Une impression de solitude, au début. Soixante pour cent environ de l’humanité était capable de se servir de récepteurs neuraux pour se connecter à ses esclaves technologiques, mais, si seuls vingt pour cent pouvaient tolérer le contact exigé pour la synthconnexion – ce lien immédiat, bout à bout, qui faisait littéralement d’un ordinateur une extension de leur personnalité – « sans perdre le nord », la moitié seulement de ces vingt pour cent parvenaient à gérer une des connexions cybersynth leur permettant de se brancher à une intelligence artificielle. Nombre d’entre eux déclinaient cet honneur et, en raison des excentricités, voire des pures bouffées délirantes auxquelles étaient enclines les IA, on pouvait difficilement le leur reprocher. Savoir que votre serviteur cybernétique risque de vous liquider en même temps que lui-même n’est guère rassurant, même si cette connexion vous donne un aperçu de capacités littéralement inhumaines.

Mais, d’après les quelques lectures qu’elle avait piochées çà et là, ceux qui pouvaient (et voulaient) se brancher à une synthconnexion alpha étaient encore plus rares… et ne jouaient probablement pas sur tout le tableau. Les têtes d’œuf se flattaient peut-être de pouvoir bientôt produire une IA à l’épreuve de la folie, mais qui, sain d’esprit, irait volontairement fusionner avec un ordinateur doué de conscience ? S’y connecter était une chose, s’imbriquer avec lui une autre paire de manches. Alicia ne nourrissait aucun préjugé contre la technologie, mais la perspective de devenir la moitié organique d’une intelligence bipolaire dans une union que la mort seule pouvait dissoudre était loin de la séduire.

Elle poussa un bref rire aboyant. Une ou deux têtes se tournèrent et elle sourit suavement aux curieux, amusée par la façon dont ils détournaient brusquement les yeux pour éviter de croiser son regard. Encore un autre témoignage de sa loufoquerie, présuma-t-elle ; mais celle-là était vraiment drolatique. Dire que l’idée de fusionner avec une autre personnalité la mettait mal à l’aise… elle entre tous !

Elle gloussa de nouveau puis vida son verre et resta plantée là, Tannis venant de pénétrer dans le foyer.
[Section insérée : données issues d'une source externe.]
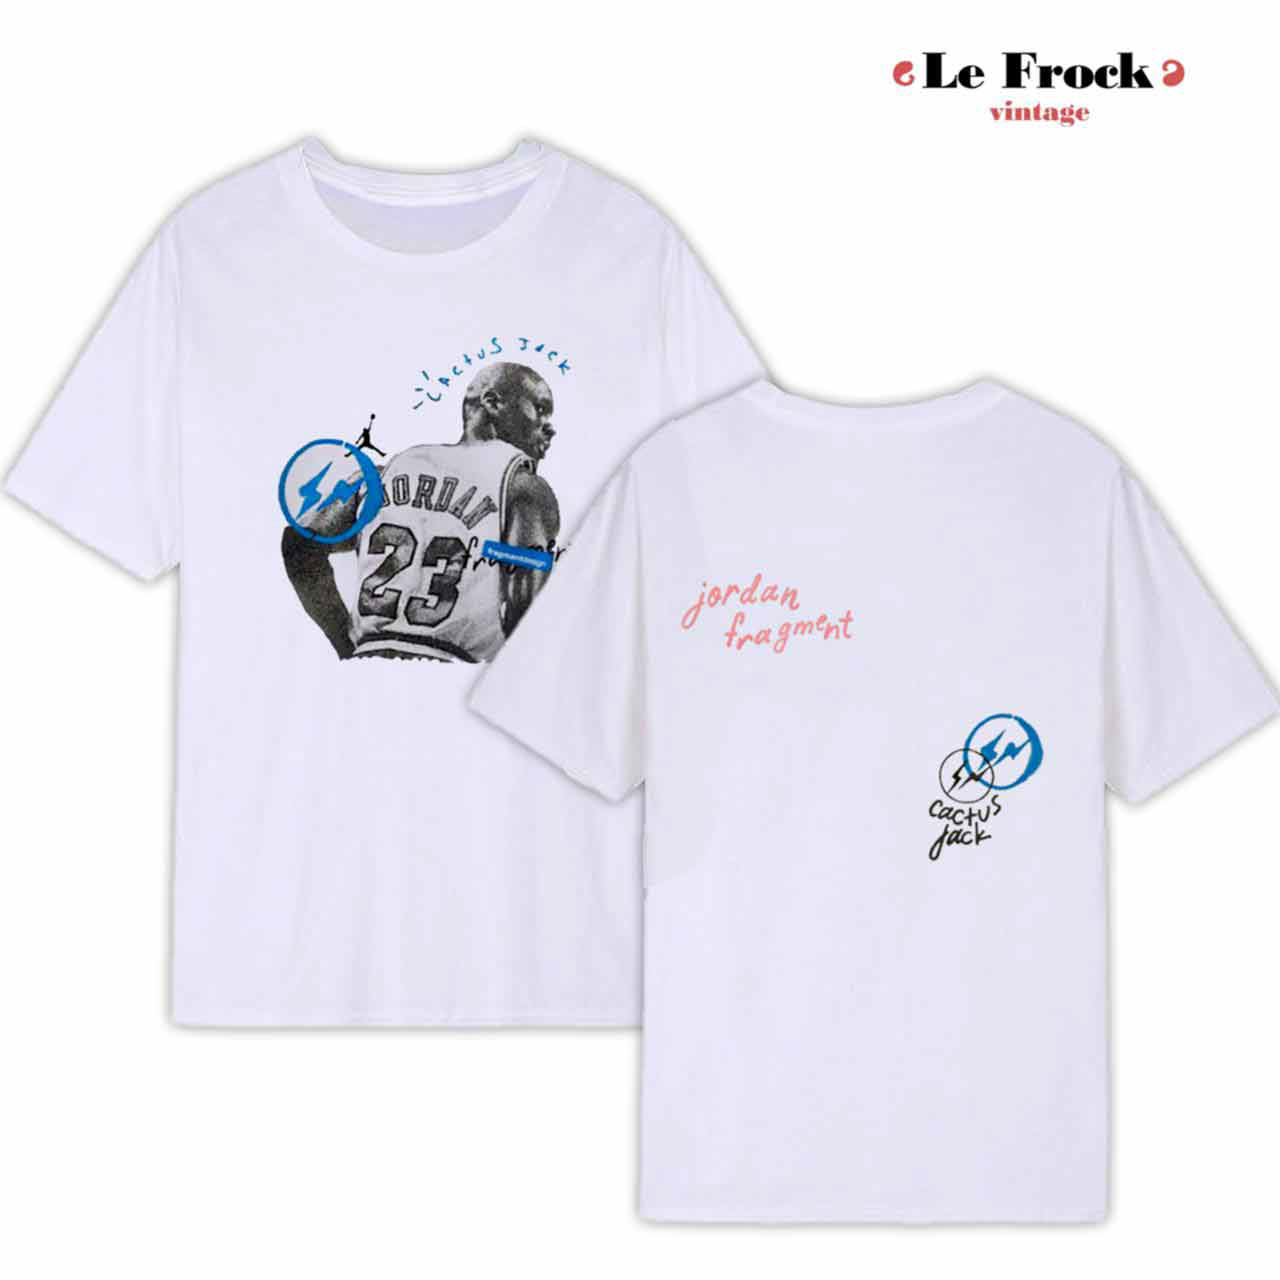 Travis Scott x Jordan x Fragment White T-Shirt - Travis Scott Merch
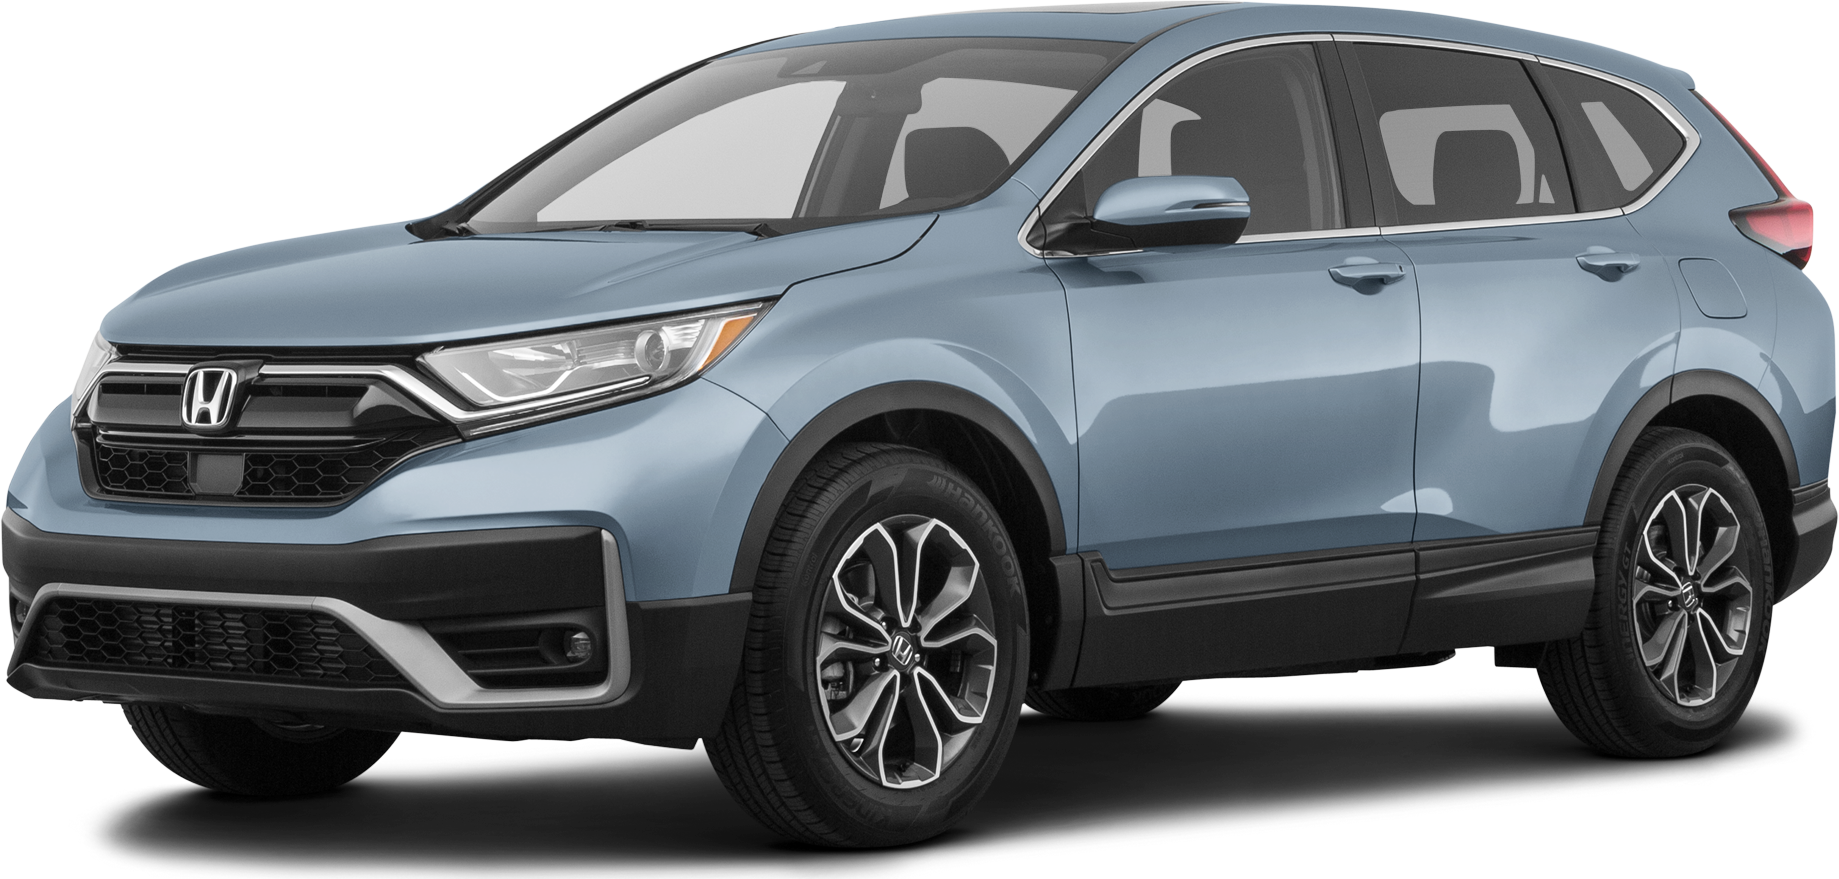 2020 Honda CRV Price, Value, Ratings & Reviews Kelley Blue Book

Son sourire un peu figé fit comprendre à Alicia que l’heure était venue de débarquer pour affronter ces merdeux de psys, et elle soupira, reposa son verre vide en souriant à son tour, en se demandant si son sourire donnait autant que celui de Tannis l’impression d’être factice.

 

L’amiral de la Flotte Subrahmanyan Treadwell, gouvernent général du secteur franconien, détestait les planètes. Né et élevé sur l’un des astéroïdes de la ceinture solaire, il ne voyait que des problèmes défensifs dans l’immobilité fort malcommode des mondes impériaux, et, dans les planètes des autres peuples, des cibles bien grasses et infoutues de fuir ; cette courte vue, au demeurant, n’avait guère dérangé les ministres de Seamus II quand ils lui avaient assigné son poste.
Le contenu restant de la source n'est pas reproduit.